- EXERCISE DATA -
▼
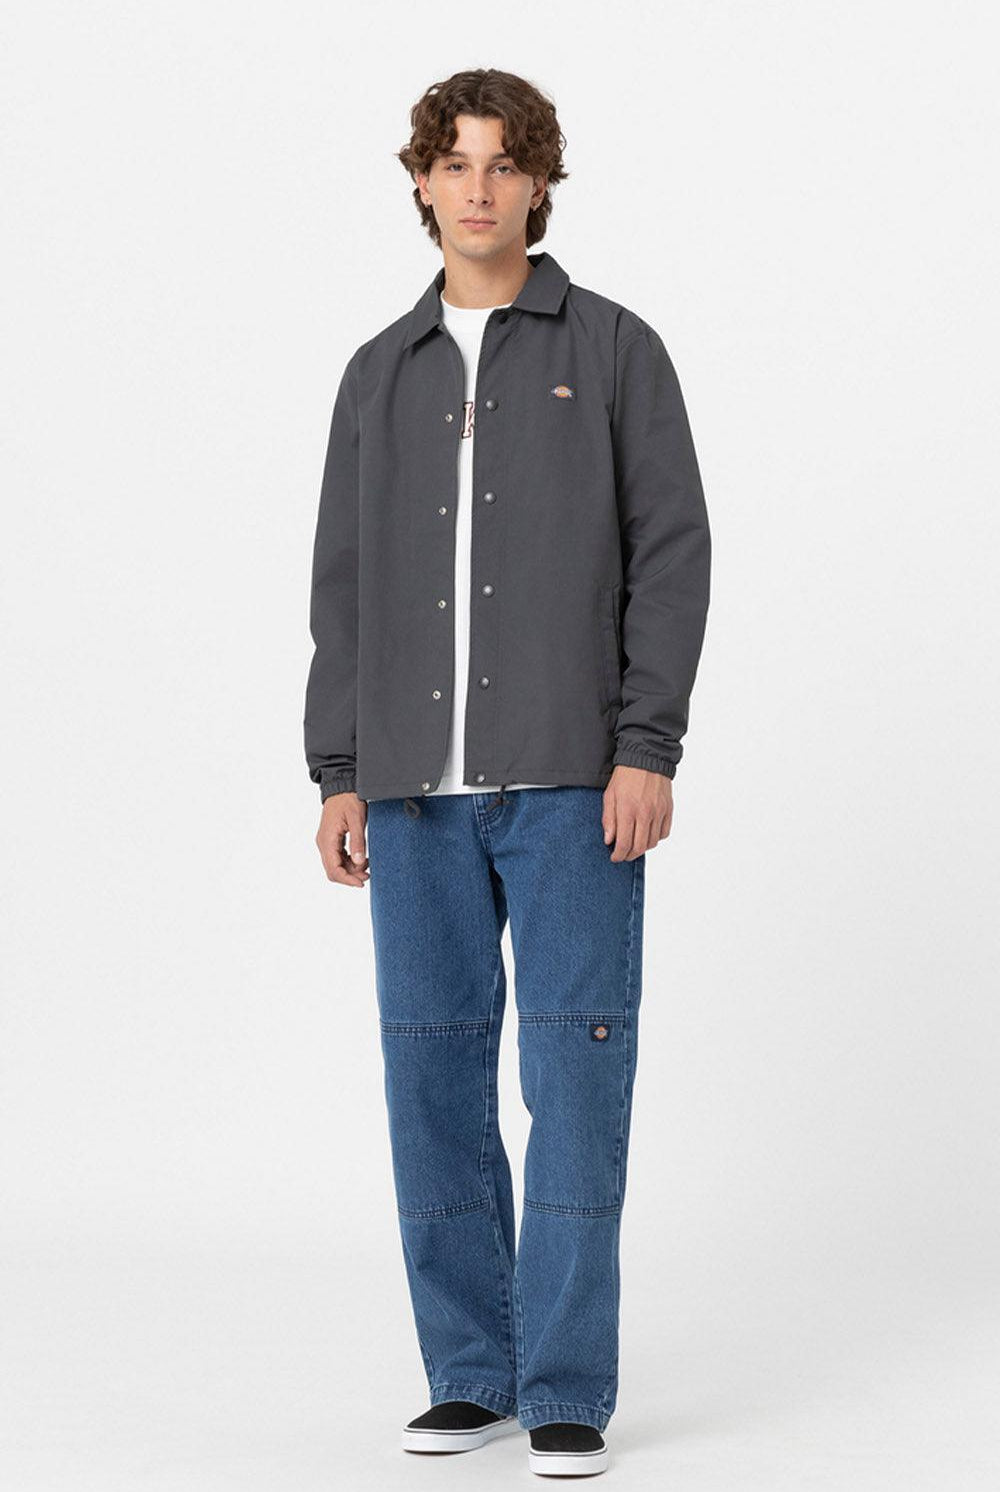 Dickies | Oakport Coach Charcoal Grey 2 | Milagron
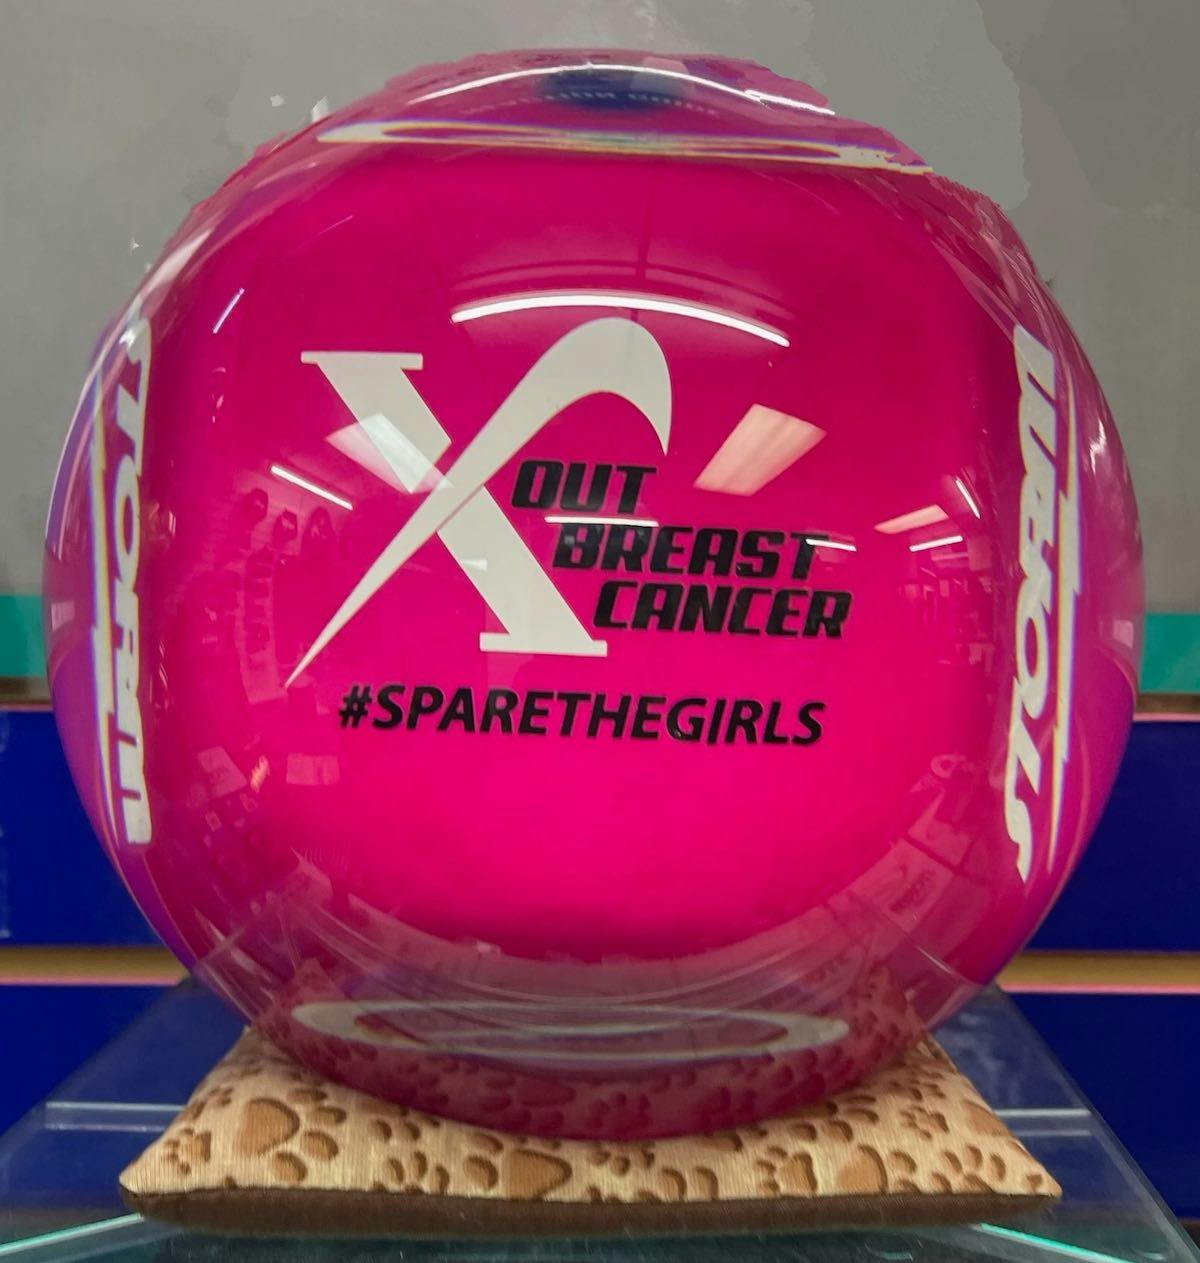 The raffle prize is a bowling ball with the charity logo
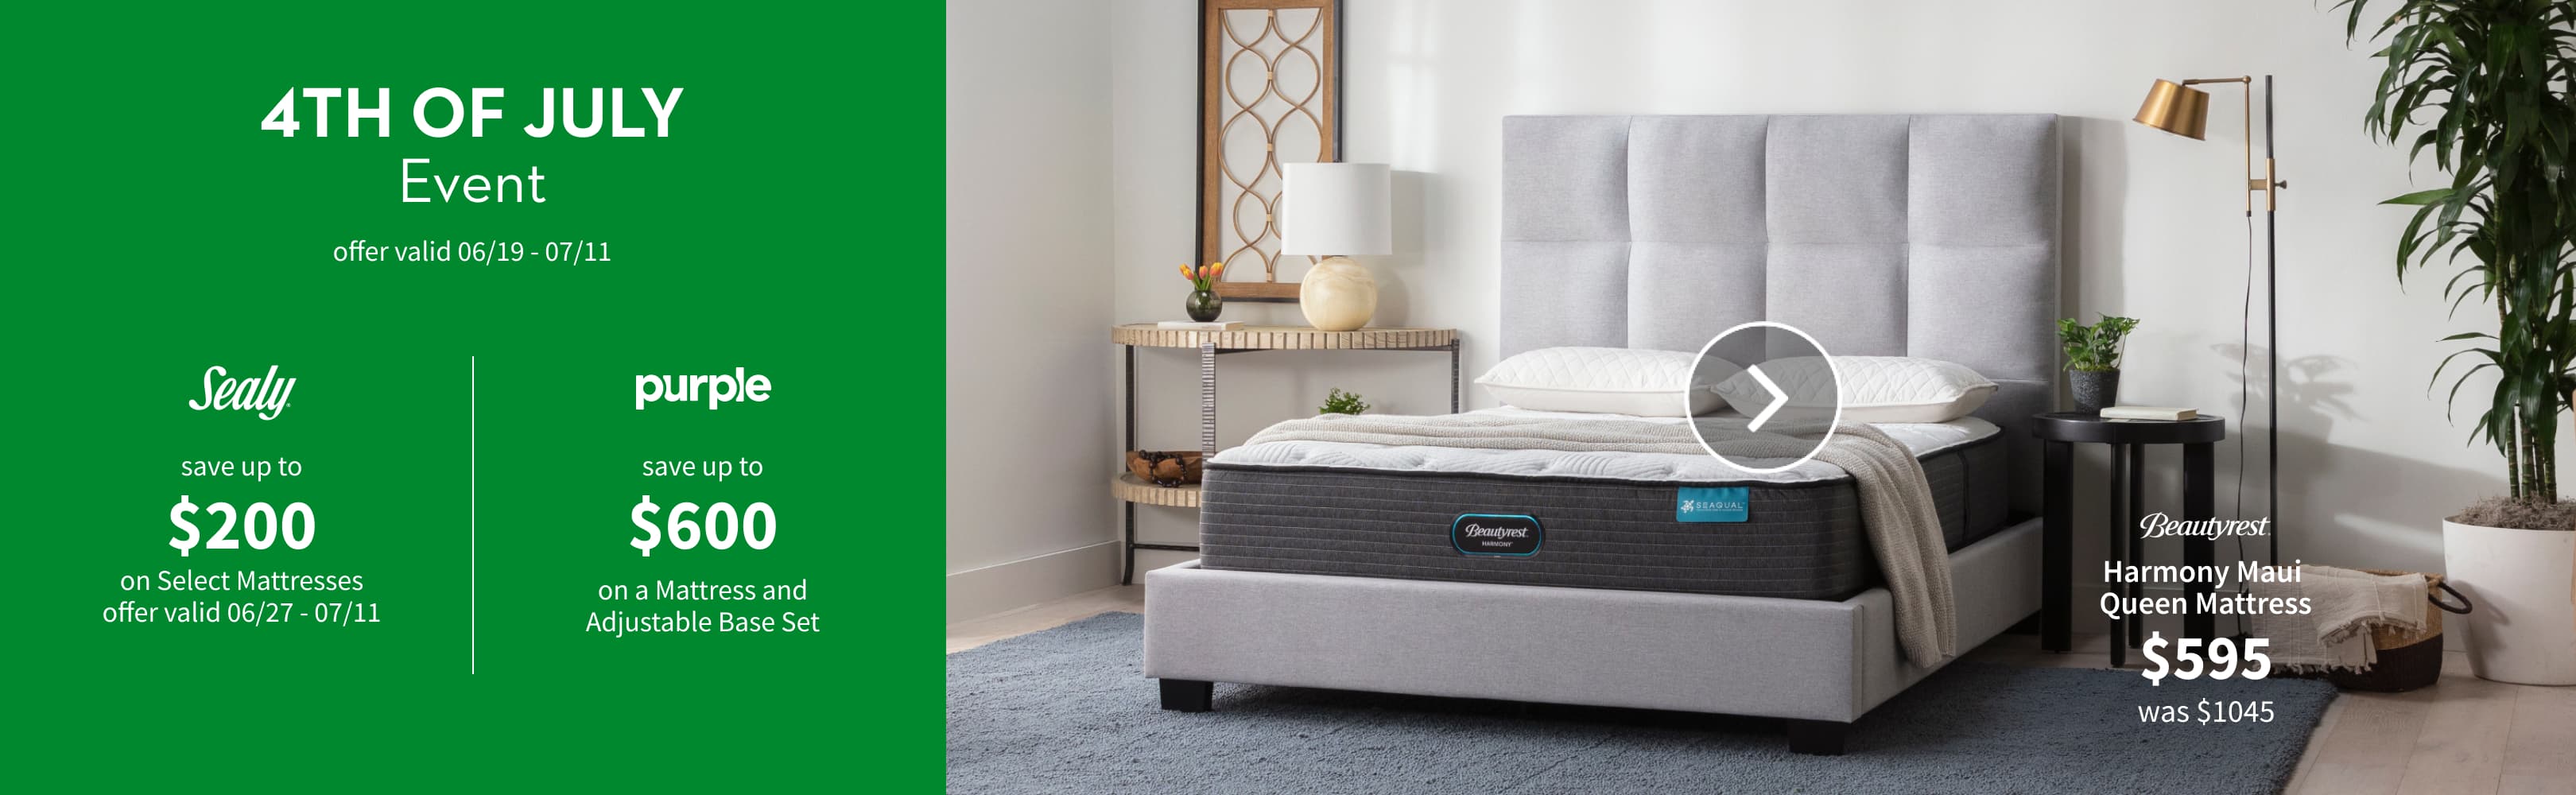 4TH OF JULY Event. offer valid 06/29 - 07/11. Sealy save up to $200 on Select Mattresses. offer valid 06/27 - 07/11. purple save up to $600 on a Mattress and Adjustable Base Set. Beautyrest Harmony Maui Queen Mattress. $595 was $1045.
▲
- TASK INSTRUCTIONS -
Print the whole listing above exactly, and keep every picture out of the copy.

- WORKED SOLUTION -
 Dickies | Oakport Coach Charcoal Grey 2 | Milagron
 The raffle prize is a bowling ball with the charity logo
 4TH OF JULY Event. offer valid 06/29 - 07/11. Sealy save up to $200 on Select Mattresses. offer valid 06/27 - 07/11. purple save up to $600 on a Mattress and Adjustable Base Set. Beautyrest Harmony Maui Queen Mattress. $595 was $1045.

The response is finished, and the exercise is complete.